From 1884 to 1885, he took night classes at the local drawing school. Then, from 1887 to 1894, he was a full-time student at the Royal Academy of Fine Arts, Brussels. His primary instructor there was Joseph Stallaert. During the academic year of 1892–1893, he studied sculpture with Jean-Baptiste De Keyser (1857–1927). After graduating, he was employed in the studios of Jef Lambeaux, an early member of Les XX, a progressive artists' co-operative. He set up his own studio in 1896.

In 1898, he became one of the first members of Labeur, an art association created by the painters Auguste Oleffe and Louis Thevenet. For a time, he was the only sculptor in the group. His contribution to their first exhibition was a bust of the Theosophist, Helena Blavatsky. At the exhibition of 1902, he presented an experimental children's bust inspired by Pointillism. The critical response was so harshly negative that he went into a depression and destroyed most of his works in 1903. The following year, he and his wife Maria settled in the small town of Linkebeek. At the suggestion of his family doctor, he concentrated on drawing and painting, but continued to create the occasional sculpture.

There, he became associated with a group that would later be known as the Brabant Fauvists. After 1906, he focused on watercolors. By 1912, he had returned to Brussels and was holding his own individual exhibitions. His largest exhibition came in 1917 at the Galerie Georges Giroux and was very successful. Giroux offered him an exclusive contract but, despite having financial problems, he declined as he felt it would limit his artistic freedom.

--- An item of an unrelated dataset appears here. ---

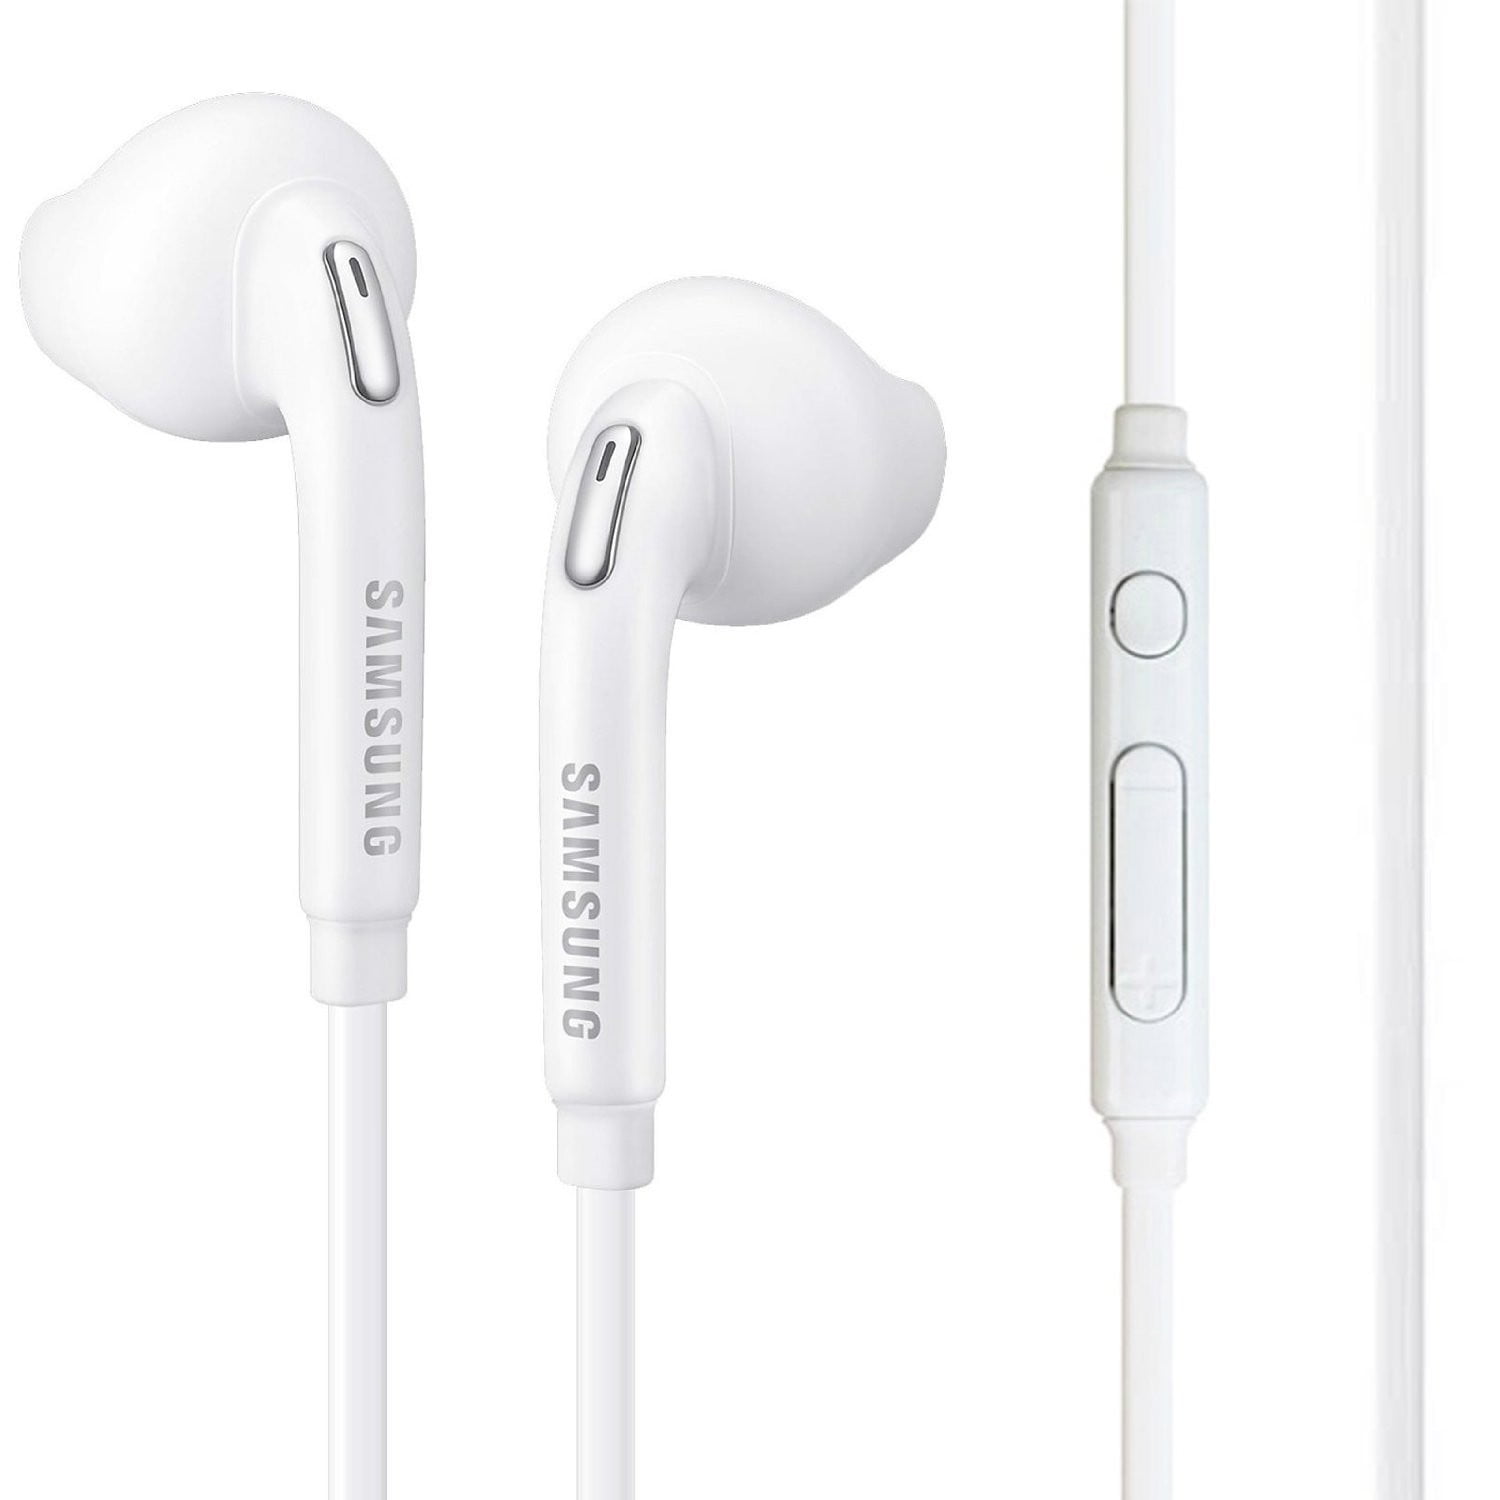 S8,S8+ GENUINE SAMSUNG HEADPHONES EARPHONES HEADSET FOR GALAXY S7 EDGE,S7 EDGE+

In 1919, he left his wife for his favorite model, Yvonne Esser (1900–1973). Eventually, they married and had two children. Their son Fernand became a composer and musician. From 1920 to 1922, they lived in France, near Nogent-sur-Marne, then returned to Brussels. From this point on, almost all of his works were watercolors, with family themes. In the 1930s, he began using india ink to define his painting's contours.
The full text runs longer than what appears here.